### Dataset content
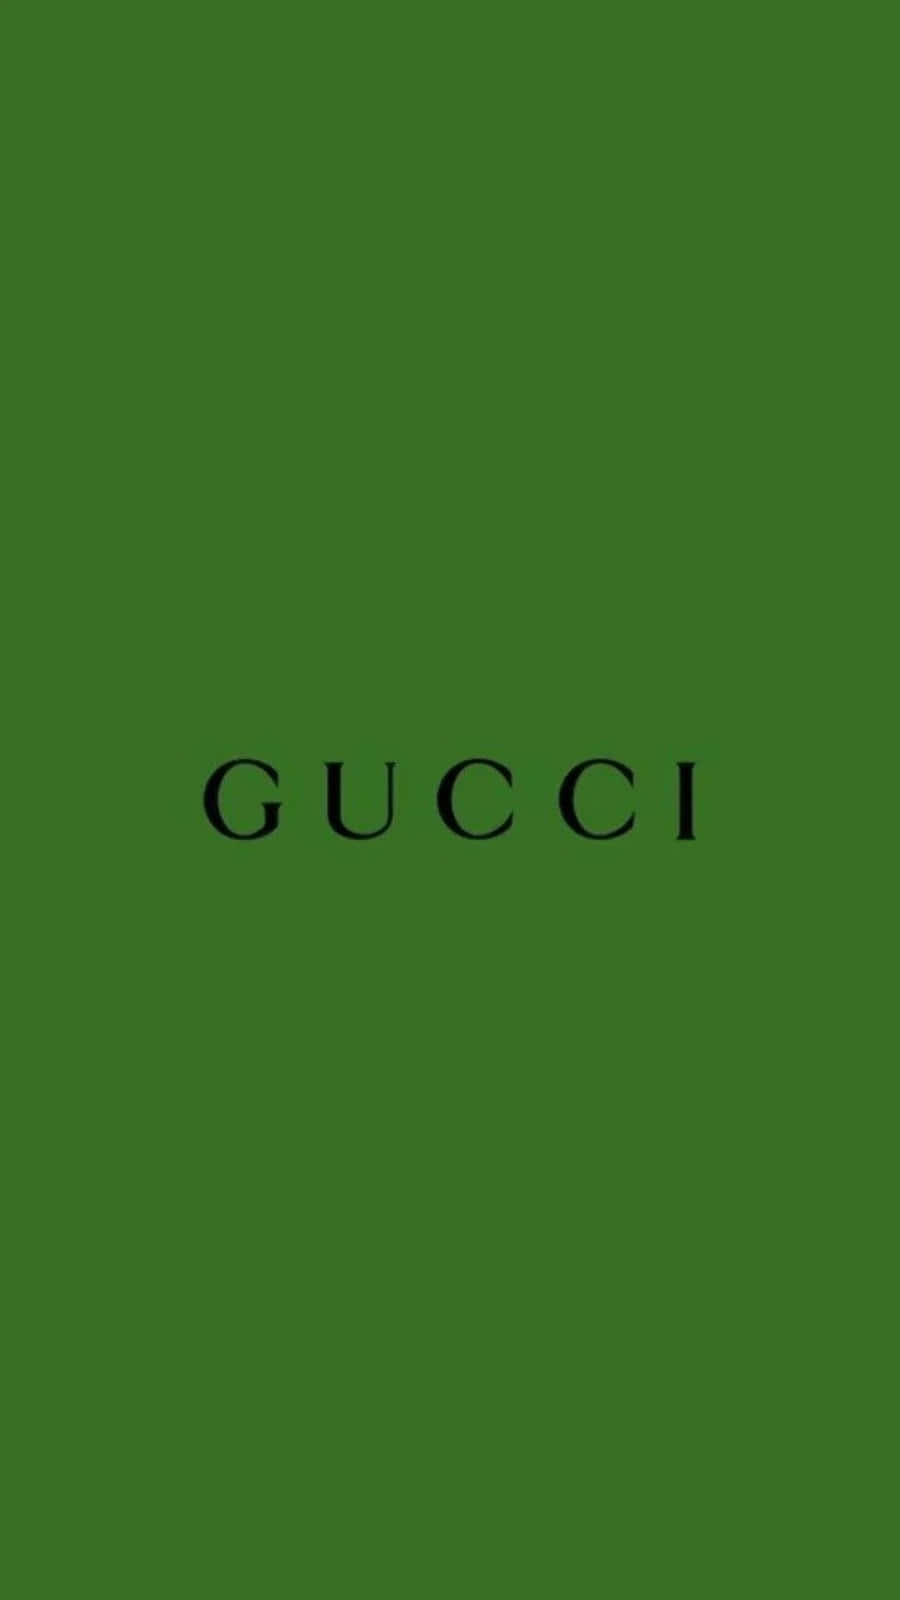 Immagineestetica Verde Gucci
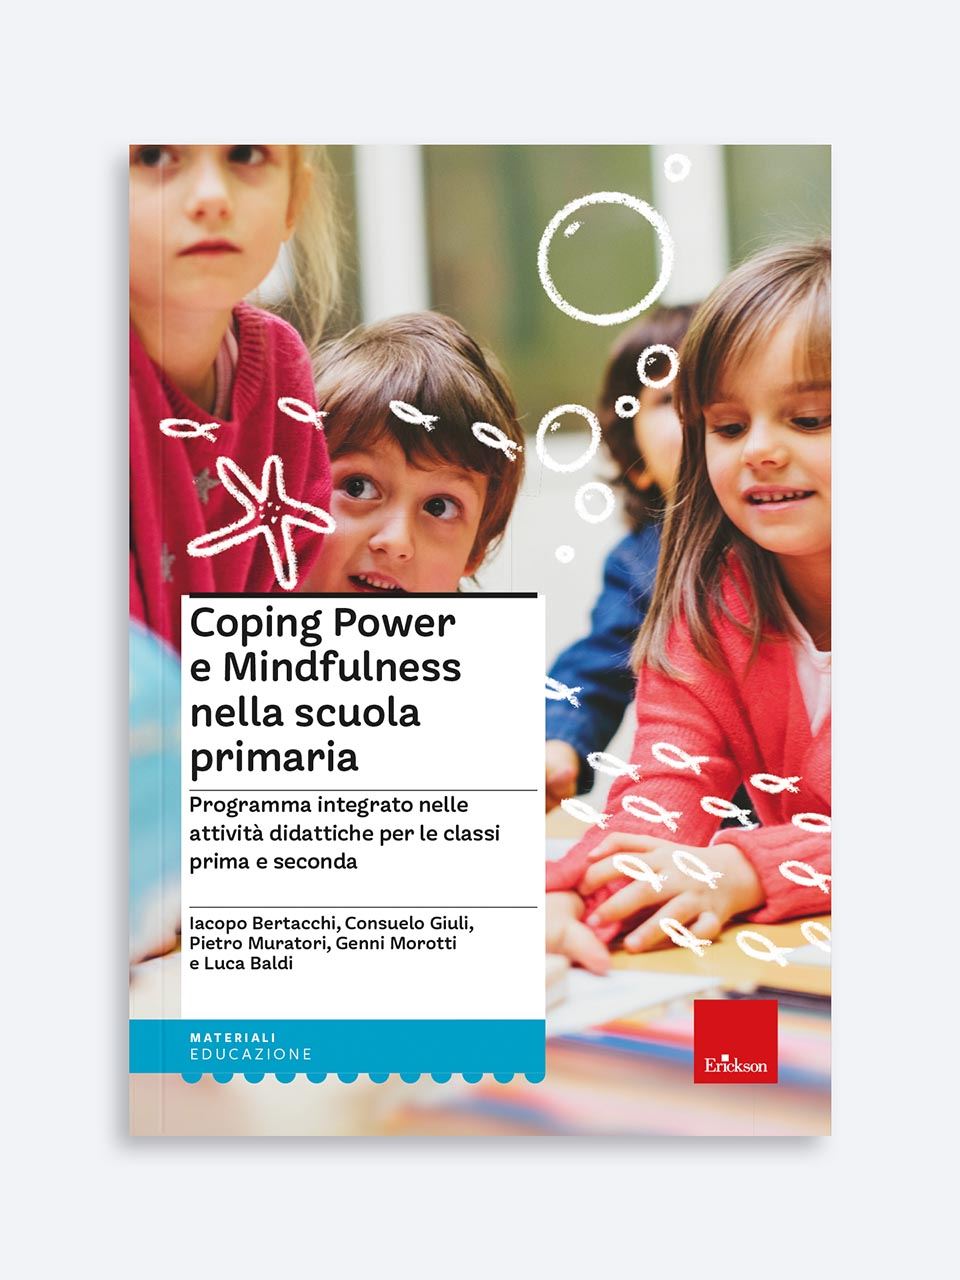 Coping Power e Mindfulness per la scuola primaria 2
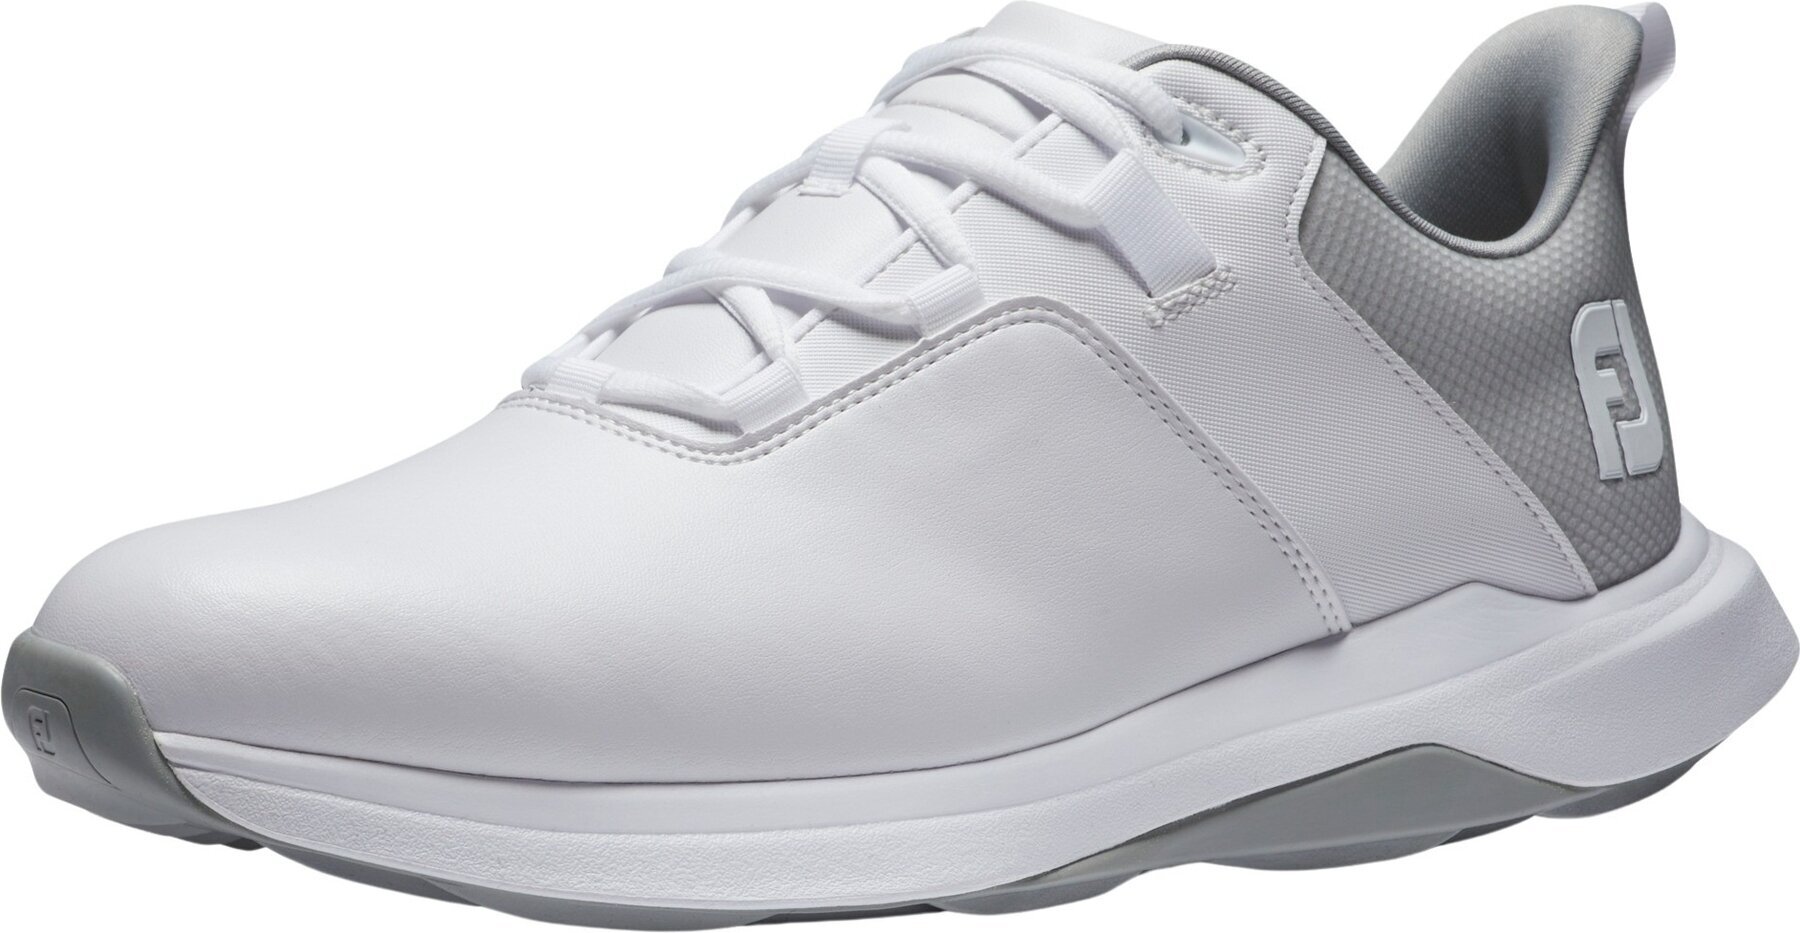 Chaussures de golf pour hommes Footjoy ProLite Mens Golf Shoes White/Grey 47
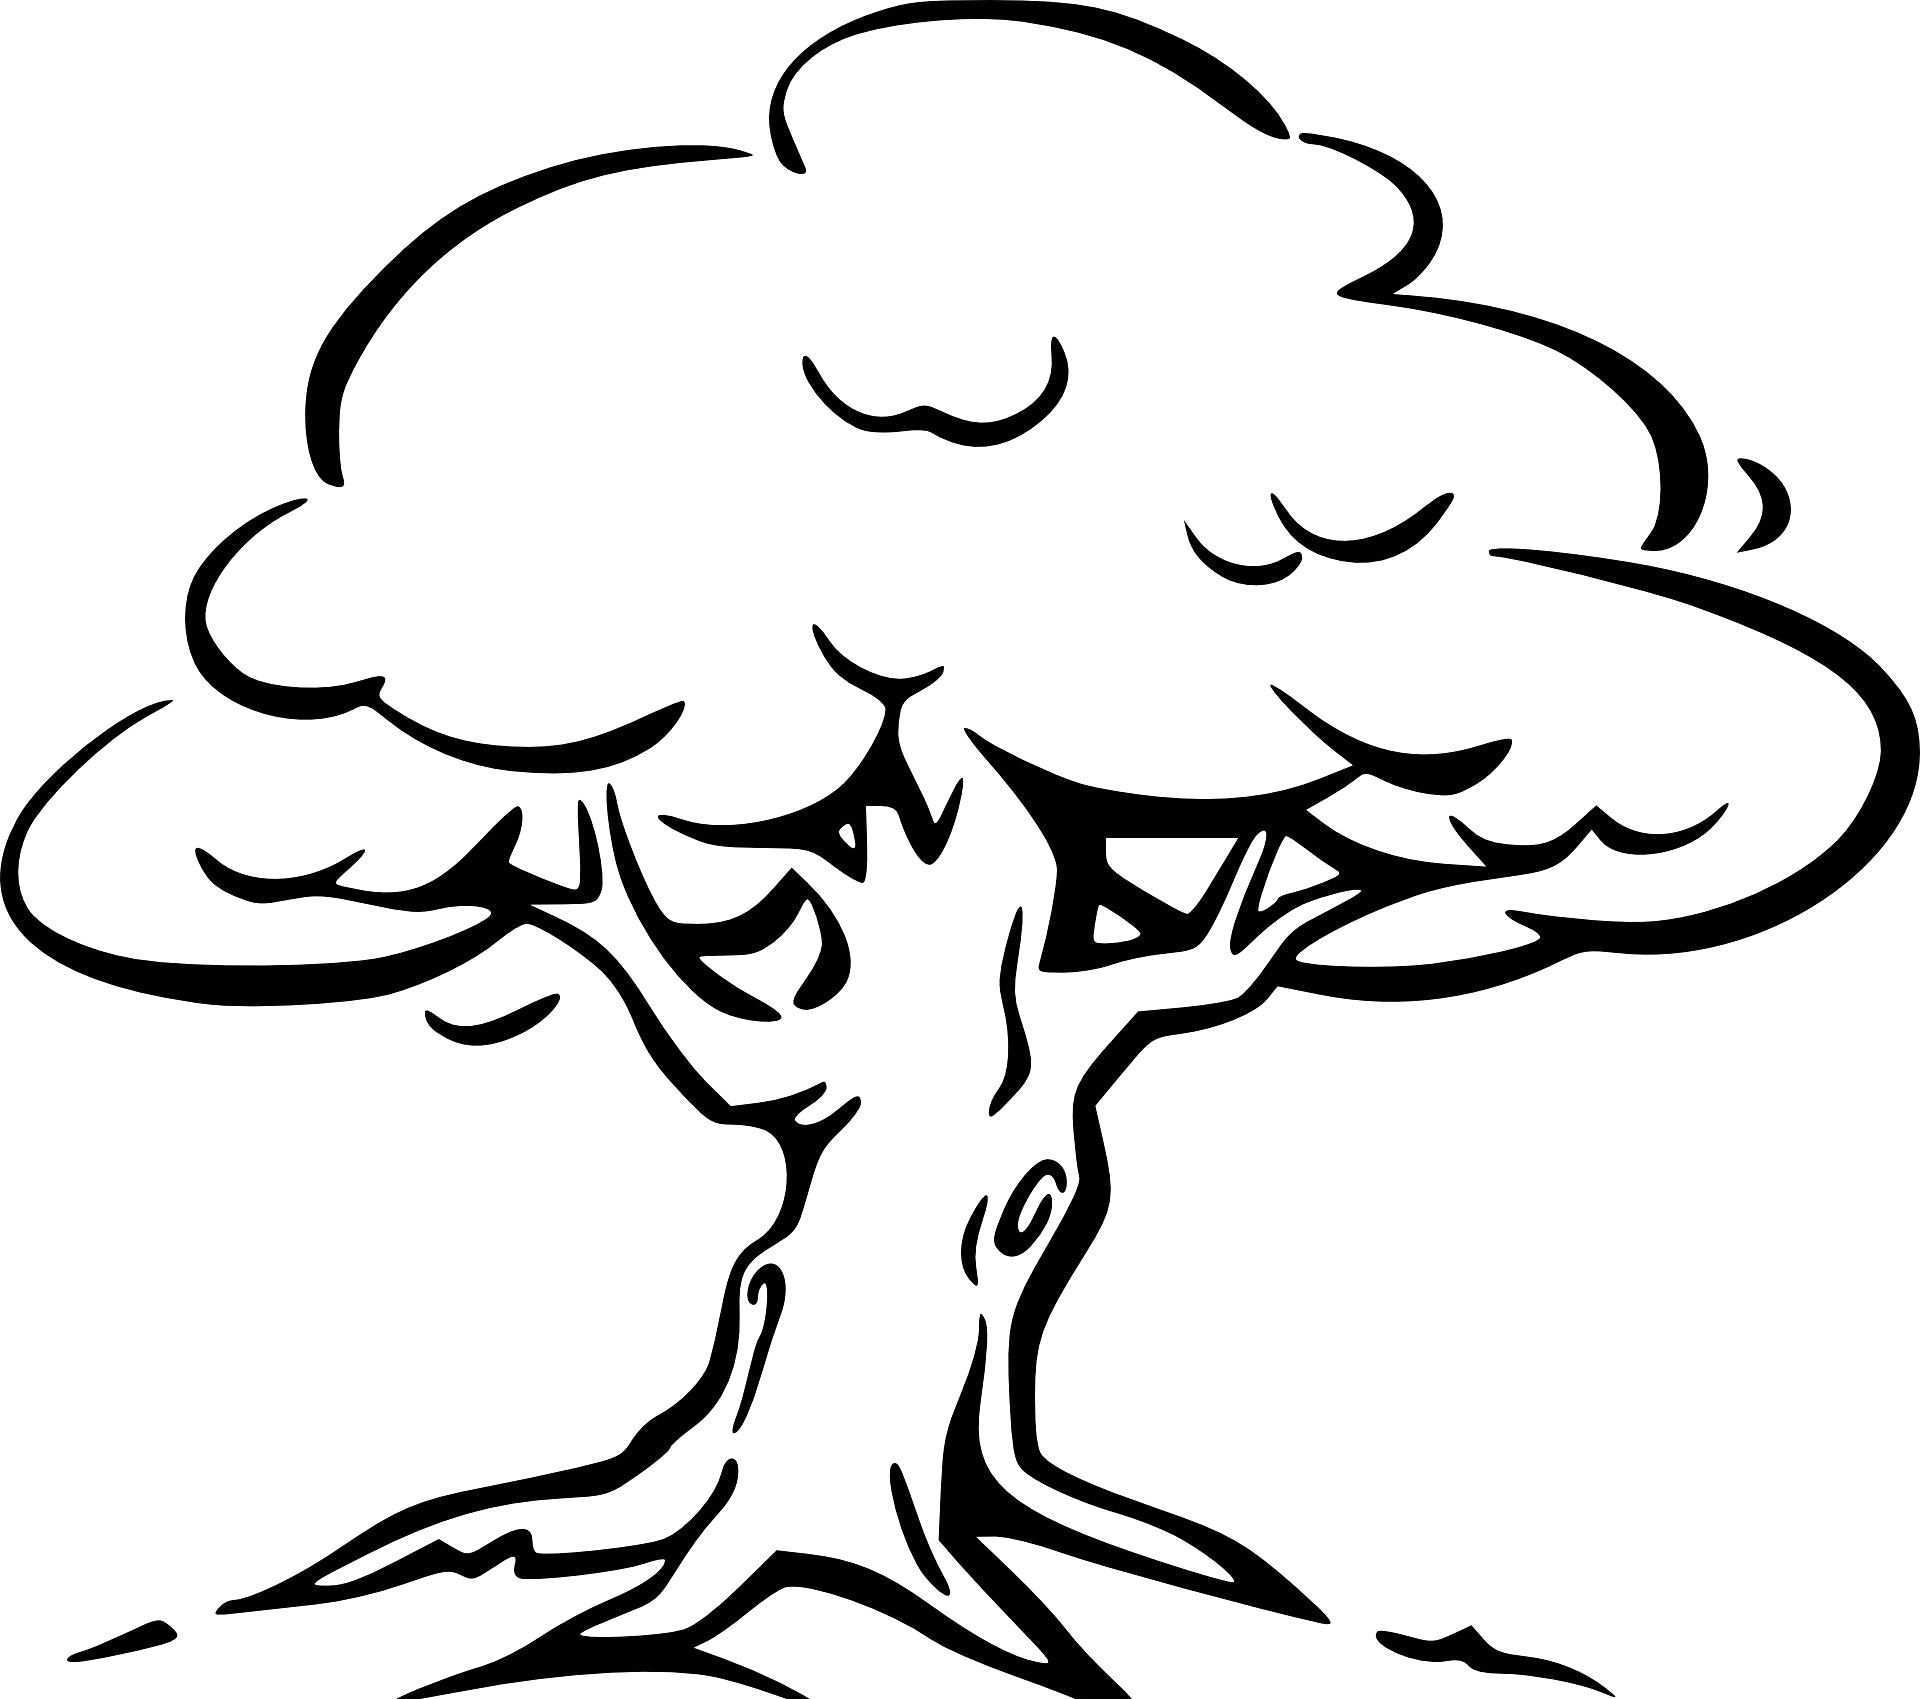 Baum Mit Wurzeln Ausmalbild Malvorlagen Baum Zeichnung Ausmalbilder

### Exercise
Pictures aside, print every line of the material exactly.

### Answer
 Immagineestetica Verde Gucci
 Coping Power e Mindfulness per la scuola primaria 2
 Chaussures de golf pour hommes Footjoy ProLite Mens Golf Shoes White/Grey 47
 Baum Mit Wurzeln Ausmalbild Malvorlagen Baum Zeichnung Ausmalbilder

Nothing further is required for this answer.